Demographics and drug use characteristics of study participants (n = 94)

Subjective drug effects post-capsule administration.

MA administration significantly increased ‘feel drug effect’ ratings compared to placebo. The scale for the ratings of Feeling a drug effect range from 0 to 100. The vertical black line indicates the time at which the task was completed. The asterisks refer to a significant on-/ off-drug difference.

Methamphetamine improved performance in a modified probabilistic reversal learning task only in participants who performed the task poorly at baseline.

(A) Schematic of the learning task. Each trial began with the presentation of a random jitter between 300 ms and 500 ms. Hereafter, a fixation cross was presented together with two response options (choose – green tick mark; or avoid – red no-parking sign). After the fixation cross, the stimulus was shown centrally until the participant responded or for a maximum duration of 2000 ms. Thereafter, participants’ choices were confirmed by a white rectangle surrounding the chosen option for 500 ms. Finally, the outcome was presented for 750 ms. If subjects chose to gamble on the presented stimuli, they received either a green smiling face and a reward of 10 points or a red frowning face and a loss of 10 points. When subjects avoided a symbol, they received the same feedback but with a slightly paler color and the points that could have been received were crossed out to indicate that the feedback was fictive and had no effect on the total score. A novel feature of this modified version of the task is that we introduced different levels of noise (probability) to the reward contingencies. Here, reward probabilities could be less predictable (30% or 70%), more certain (20% or 80%), or random (50%). (B) Total points earned in the task split up in sessions (baseline, drug session 1 and 2) and drug condition (PL vs. MA). Results show practice effects but no differences between the two drug sessions (baseline vs. drug session 1: 595.85 (39.81) vs. 708.62 (36.93); t(93) = –4.21, p = 5.95-05, d = 0.30; baseline vs. drug session 2: 595.85 (39.81) vs. 730.00 (38.53); t(93) = –4.77, p = 6.66-06, d = 0.35; session 1 vs. session 2: t(93) = –0.85, p = 0.399, d = 0.05). Dashed gray indicates no significant difference on/off drug (Δ∼35 points) (C) Interestingly, when we stratified drug effects by baseline performance (using median split on total points at baseline), we found that there was a trend towards better performance under MA in the low baseline performance group (n=47, p = .07). (D) Overall performance in drug session 1 and 2 stratified by baseline performance. Here, baseline performance appears not to affect performance in drug session 1 or 2. Note. IQR = inter quartile range; PL = Placebo; MA = methamphetamine.
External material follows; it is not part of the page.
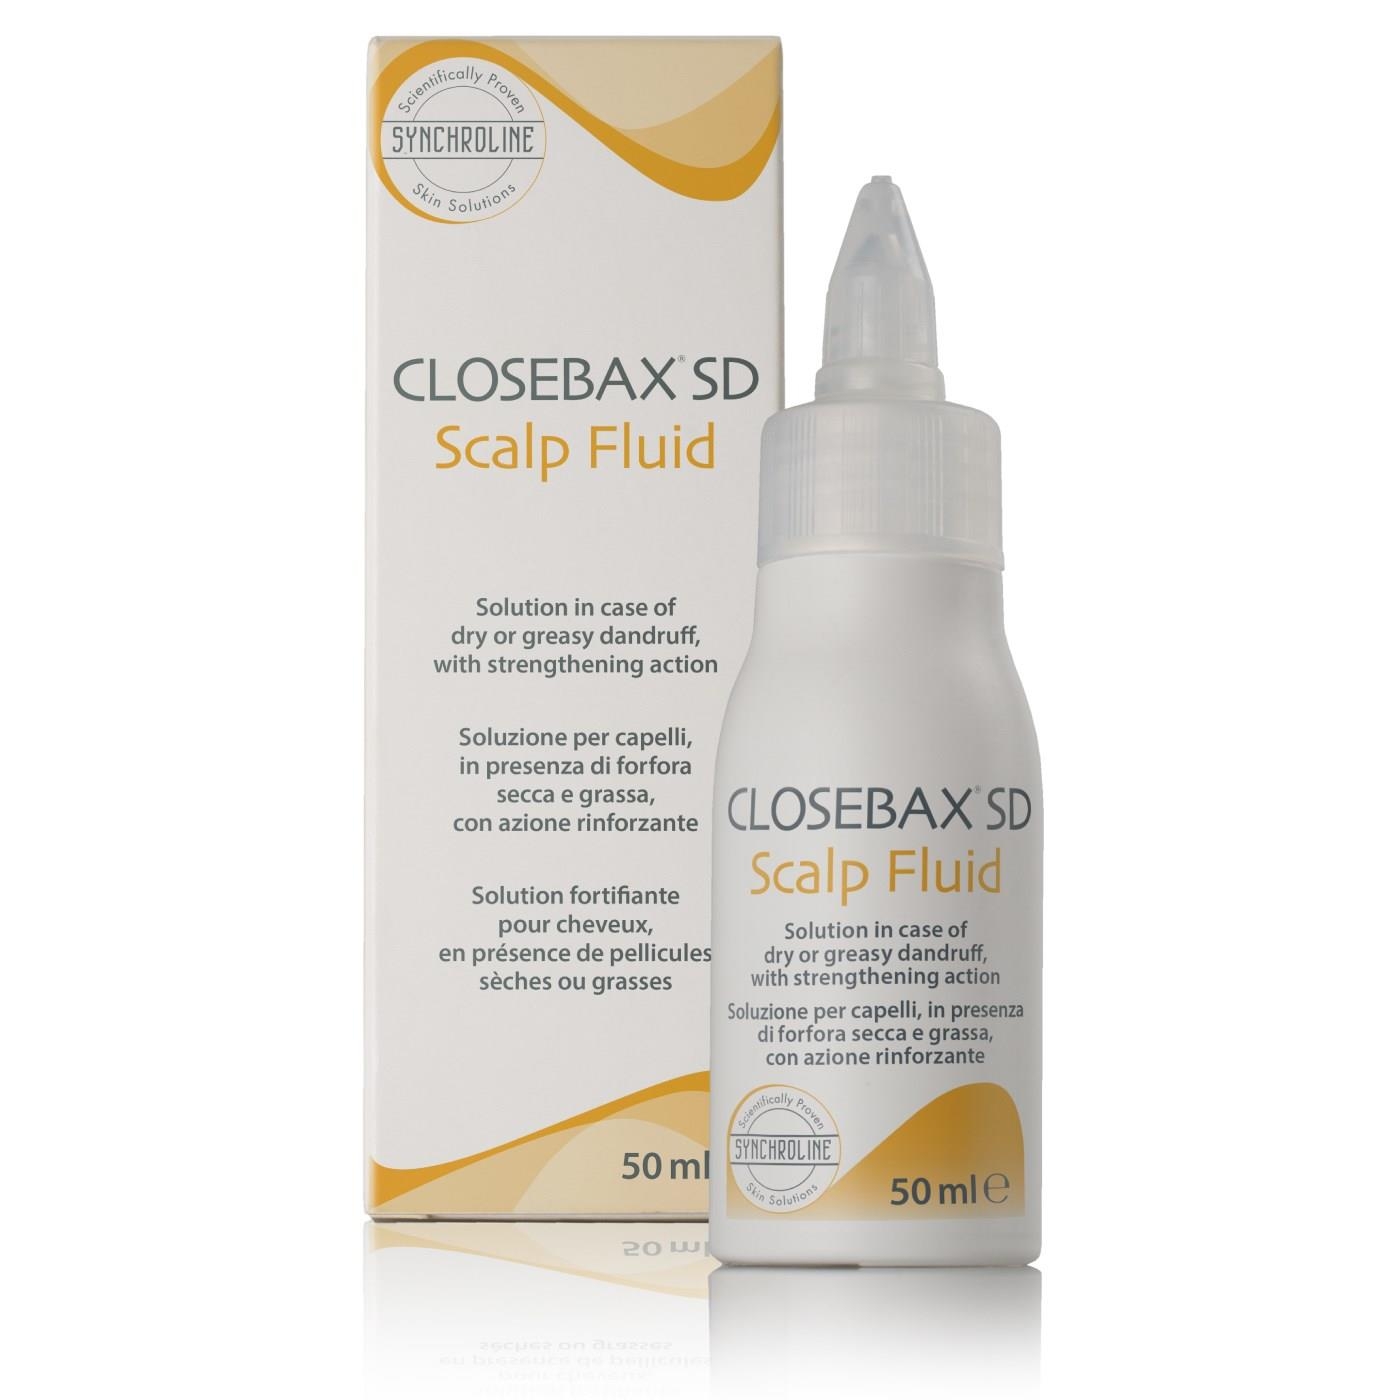 Synchroline Closebax SD Scalp Fluid 50 Ml - 1

Learning curves after reversals suggest that methamphetamine improves learning performance in phases of less predictable reward contingencies in low baseline performer.

Top panel of the Figure shows learning curves after all reversals (A), reversals to stimuli with less predictable reward contingencies (B), and reversals to stimuli with high reward probability certainty (C). Bottom panel displays the learning curves stratified by baseline performance for all reversals (D), reversals to stimuli with less predictable reward probabilities (E), and reversals to stimuli with high reward probability certainty (F). Vertical black lines divide learning into early and late stages as suggested by the Bai-Perron multiple break point test. Results suggest no clear differences in the initial learning between MA and PL. However, learning curves diverged later in the learning, particular for stimuli with less predictable rewards (B) and in subjects with low baseline performance (E). Note. PL = Placebo; MA = methamphetamine; Mean/SEM = line/shading.

Computational modeling results reveal that methamphetamine affects the model parameter controlling dynamic adjustments of learning rate.

(A) Model comparison. Bayesian model selection was performed using –0.5*BIC as a proxy for model evidence (Stephan et al., 2009). The best fitting mixture model assigned proportions to each model based on the frequency with which they provided the “best” fit to the observed participant data (Mixture proportion; blue bars) and estimated the probability with which the true population mixture proportion for a given model exceeded that of all others (Exceedance probability; black bars). The hybrid model plus learning rate modulation by feedback confirmatory (model 3) provided the best fit to the majority of participants and had an exceedance probability near one in our model set. (B-C) Comparison of parameter estimates from the winning model on-/ off drug. Stars indicate significant difference for the respective parameter. Results suggest that only the parameter controlling dynamic adjustments of learning rate according to recent prediction errors, eta, was affected by our pharmacological manipulation. (D-F) Modelled and choice behavior of the participants in the task, stretched out for all stimuli. Note that in the task the different animal stimuli were presented in an intermixed and randomized fashion, but this visualization allows to see that participants’ choices followed the reward probabilities of the stimuli. Data plots are smoothed with a running average (+/− 2 trials). Ground truth corresponds to the reward probability of the respective stimuli (good: 70/80%; neutral: 50%; bad: 20/30%). Dashed black lines represent 95% confidence intervals derived from 1000 simulated agents with parameters that were best fit to participants in each group. Model predictions appear to capture the transitions in choice behavior well. Mean/SEM = line/shading. Note. IQR = inter quartile range; PL = Placebo; MA = methamphetamine;

Methamphetamine boosts signal-to-noise ratio between real reversals and misleading feedback in late learning stages.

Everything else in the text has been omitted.